Деревеньки к Сороти льнут с обеих сторон. Названия их сохранились со времен Пушкина: Дедовцы, Зимари, Петровское, Слепни, Жабкино, Марково, Соболицы, Житево, Кузино, Селиванове, а дальше от берега еще и Лопатино, Авдаши, Клопы, Козляки… Милые тихие деревеньки с песчаными тропами к речке, с гнездами аистов, с баньками у воды, с мостками для полосканья белья, с обязательной грудой замшелых камней у околицы. («Камни на нашей земле растут. Свезешь их с пашни, а через год, глядишь, новые появились», — сказал старик в Соболицах.)

Не болит ли душа у тех, кто покинул эти селения? Не тянет ли воротиться? Не снится ли в городе кроткая, тихая речка, эти холмы с перелесками, этот прозрачный пахучий воздух, эта щемящая благодатная тишина? «Реки не текут вспять, а люди могут вернуться. Кое-кто возвращается. И не жалеют. Условия подходящие открываются для обратной дороги» — так сказал в Зимарях Никита Ювенальевич Ювенальев. (Есть в пушкинском крае такие фамилии-имена!) Работал Никита Ювенальевич трактористом и кузнецом. Сейчас на пенсии. Обрастает хозяйством, коим недавно пренебрегал. Завел корову, овец, теленка. Мы застали старика на лугу. Был он в соломенной шляпе, в чистой белой рубахе и держал в руке ведерко-подойник. Оказалось, пришел в полдень доить корову, но не умеет (иль не решился) пока доить, ожидал помощи от соседки. Та, сидя на маленькой табуретке возле черной своей буренки, помахала рукой: «Я сейчас, Ювеналич!»

А в Пискунове, состоящем сегодня из двух обветшалых домов, мы говорили со стариком, который с войны, с сорок четвертого года, после ранения в позвоночник, прикован к постели. Когда мы причалили к деревеньке, дочь старика — сама уже бабушка с двумя городскими внучатами — полоскала в речке белье. После знакомства она попросила: «Зайдите к старому. Он уже месяц людей не видел».

Мы присели возле кровати неподвижного старика. Поговорили о нестойкой погоде, о войне, о страданиях от войны, о чем-то еще уместном при такой встрече. Украдкой старик достал из подголовья жестянку от чая.

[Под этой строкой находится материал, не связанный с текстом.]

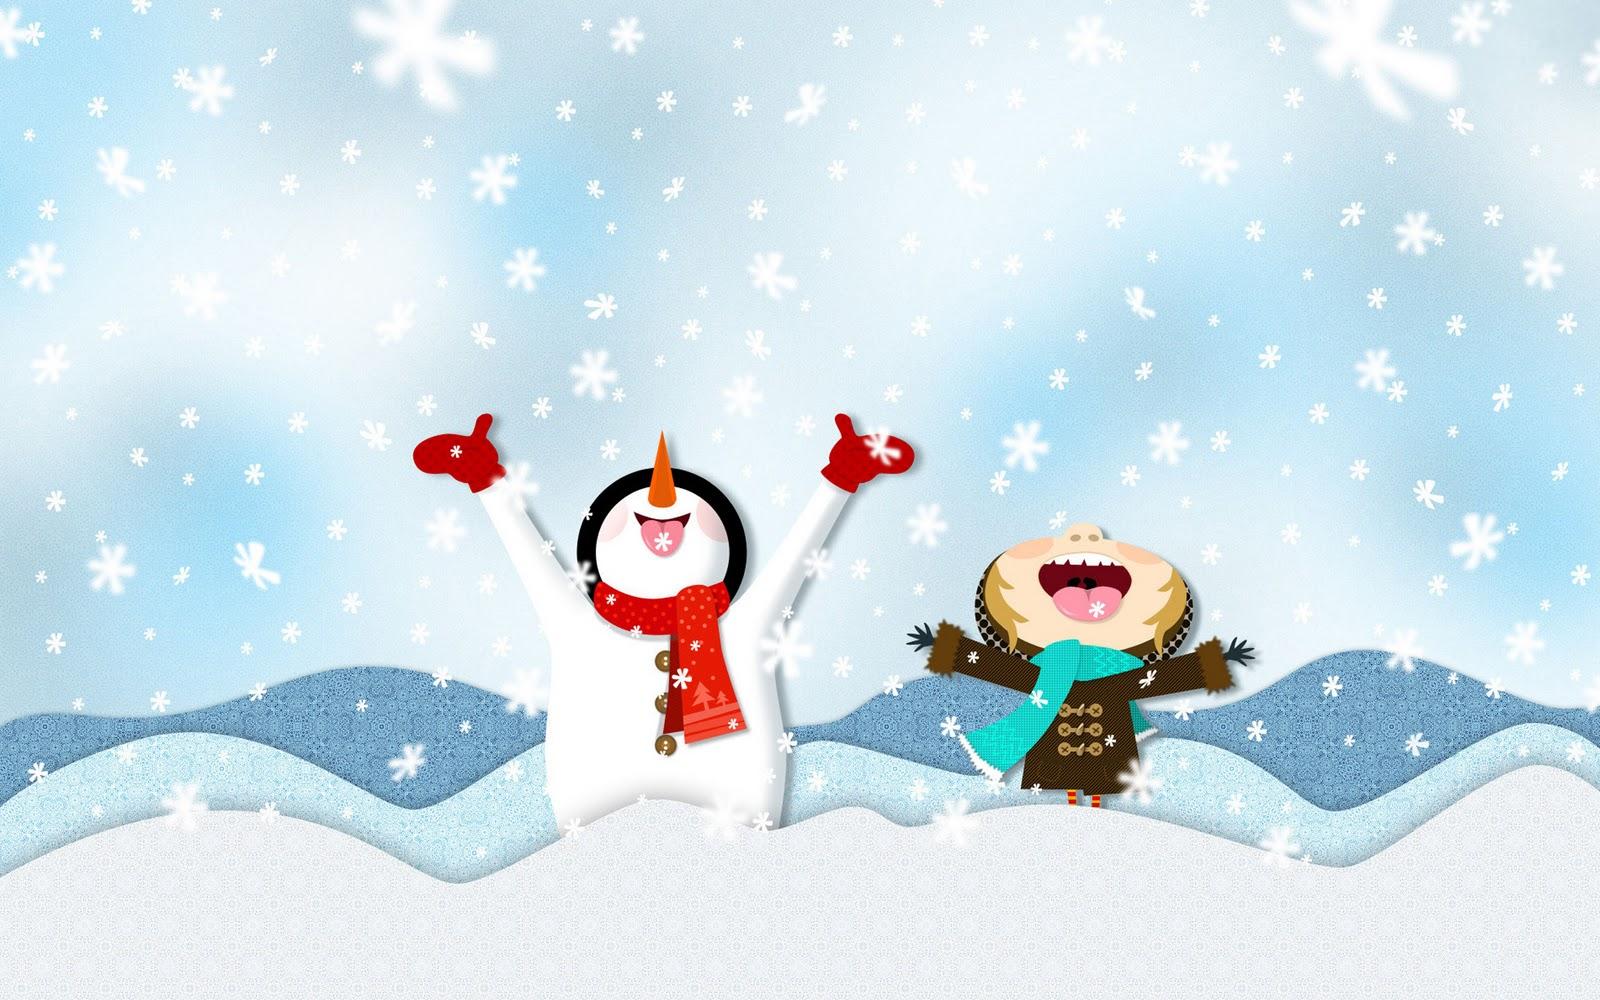 http://3.bp.blogspot.com/-DoX8CMBMSp8/TvcwjfymRnI/AAAAAAAAHXI/MU118IDV14o/s1600/free+animated+christmas+desktop+wallpaper+for+kids.jpeg

— Откройте, там медаль у меня. И книжка к медали. Все честь по чести: Белов Николай Николаевич — «За отвагу»…

Когда мы были уже на крыльце, дочь старика позвала:

— Зайдите еще, батя хочет спросить…

— Забыл я сказать, — попытался подняться с подушек старик. — Когда тут Пушкину дом рубили, я тогда мог сидеть. На табуретке сидел, выводили меня на крыльцо — и сидел. Все помню: как сруб на берег свозили, как в половодье по Сороти все пошло. Людей было — пропасть. И деревенька наша была еще справной… Как дом-то? Стоит?.. Вот, говорите, с больших пространств съезжаются люди. А я тут рядом — и не увидел… — старик заплакал и, как ребенок, стал кулаками вытирать слезы…

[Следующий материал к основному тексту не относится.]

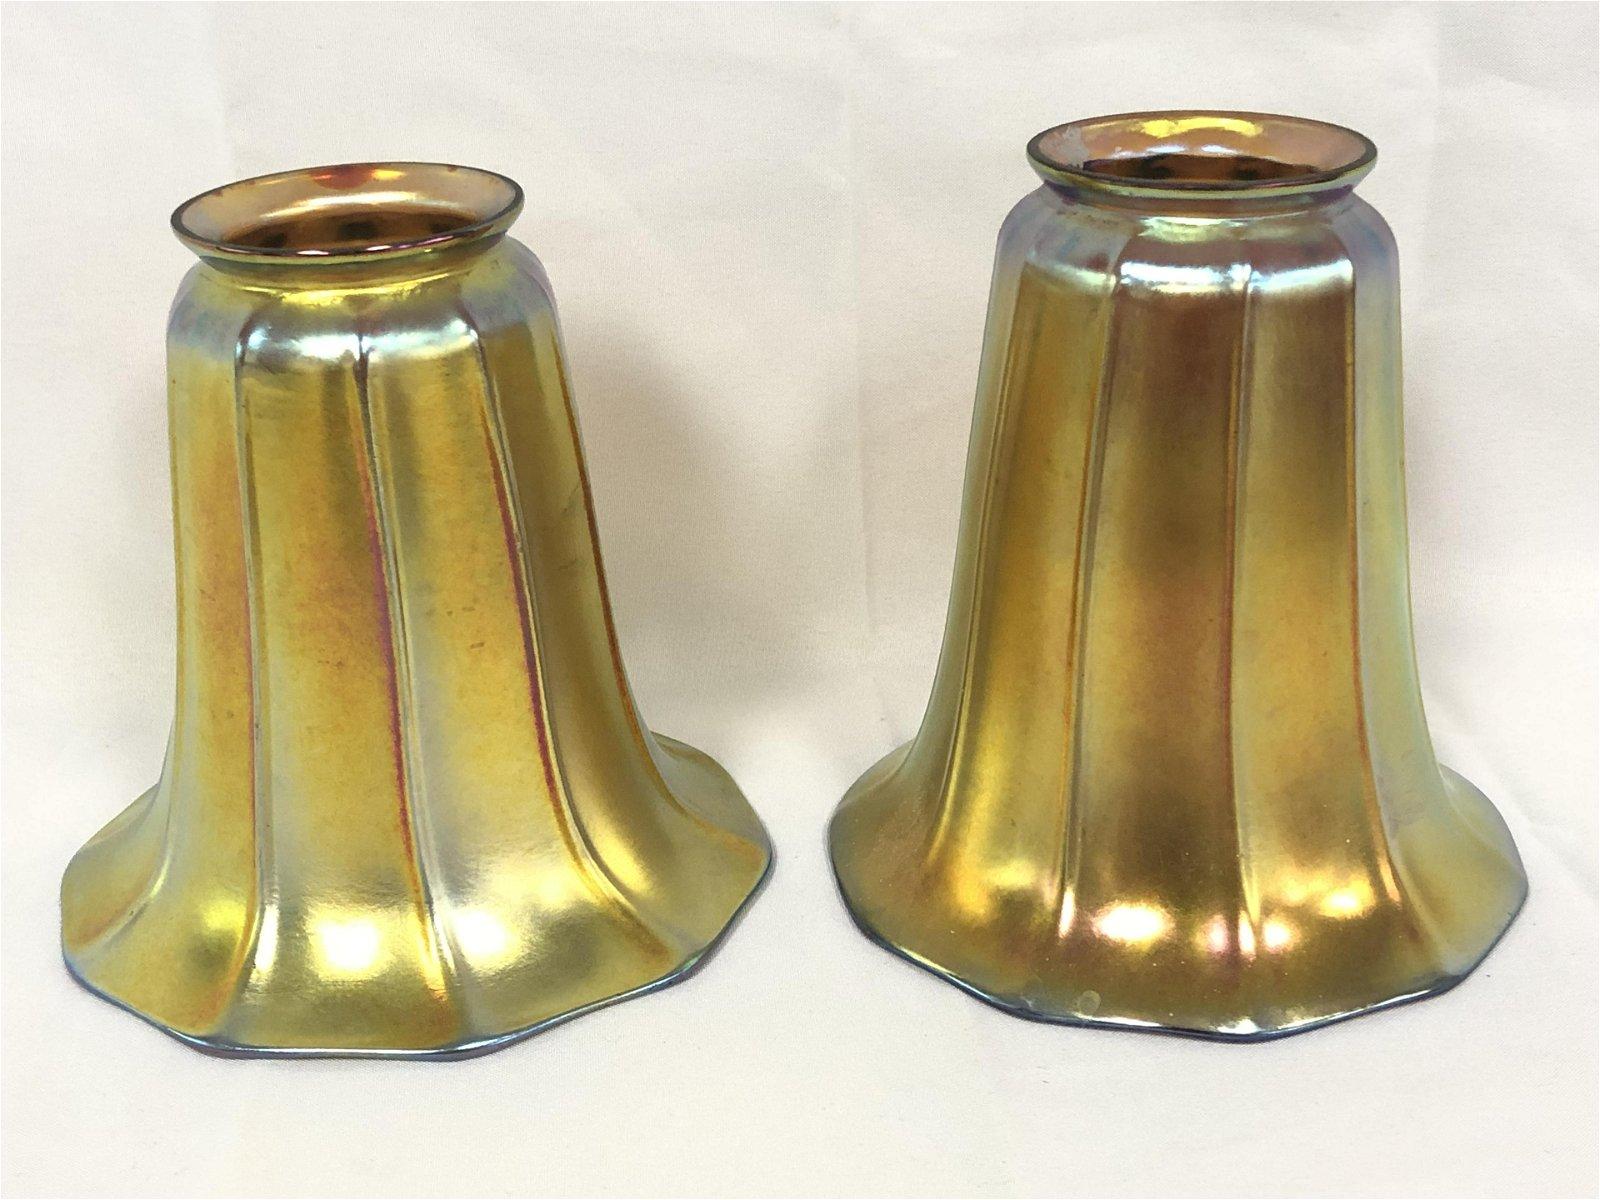 Pr Atq Signed Steuben Aurene Art Glass Shades - Gold

В Пискунове мы углубились в лес. Разыскали делянку, где сразу после войны зимою сорок шестого года рубили лес для сожженной и разоренной фашистами усадьбы в Михайловском. По чертежам реставраторов при горячих хлопотах Семена Степановича Гейченко в этом лесу срубили дом, каким был он при Пушкине. На санях бревна и разобранный сруб подтянули на берег. А весной в половодье все пущено было вниз по течению. Сороть стала купелью возрожденного дома в Михайловском.

Делянка, где на святое дело были взяты самые лучшие сосны, дремала сейчас под пологом молодого, уже возмужавшего леса. Пеньки от спиленных тут деревьев изъедены муравьями, издолблены дятлами. А стволам, пахучим сосновым стволам суждена долгая и почетная жизнь в постройках, стоящих над Соротью. Сосновый пушкинский дом обжит непрерывным потоком идущих в него людей, омыт дождями, прокален солнцем, обвит плющом, поцарапан коготками ласточек и скворцов. Крышу дома ночами белят своими отметками совы. На окнах цветы.

Михайловский дом лучше всего видеть издали, с Сороти. Явственно просматривается похожий на старое городище холм. Серебристое очертание дома врезано в темную зелень парка, видны ступеньки к воде, змейки дорожек… Место для жизни предками Пушкина выбрано безошибочно! На всем протяжении Сороти это самая живописная ее часть. И река словно бы не торопится покидать это место — отдает свои воды двум прилегающим к ней озерам, прощально изгибается «лукоморьем», ветвится протоками.

Ничто — ни современного вида постройка, ни столб с проводами, ни транспорт — не нарушает пушкинского пейзажа. И нам кощунственным показалось плыть в этом месте с мотором. Пересели вблизи Михайловского в весельную лодку и плыли, не торопясь, переговариваясь вполголоса, отмечали: тут Пушкин мог к реке подходить… тут бултыхался в воду, нахлеставшись веником в баньке Тригорского. Тут сидел на скамье у обрыва…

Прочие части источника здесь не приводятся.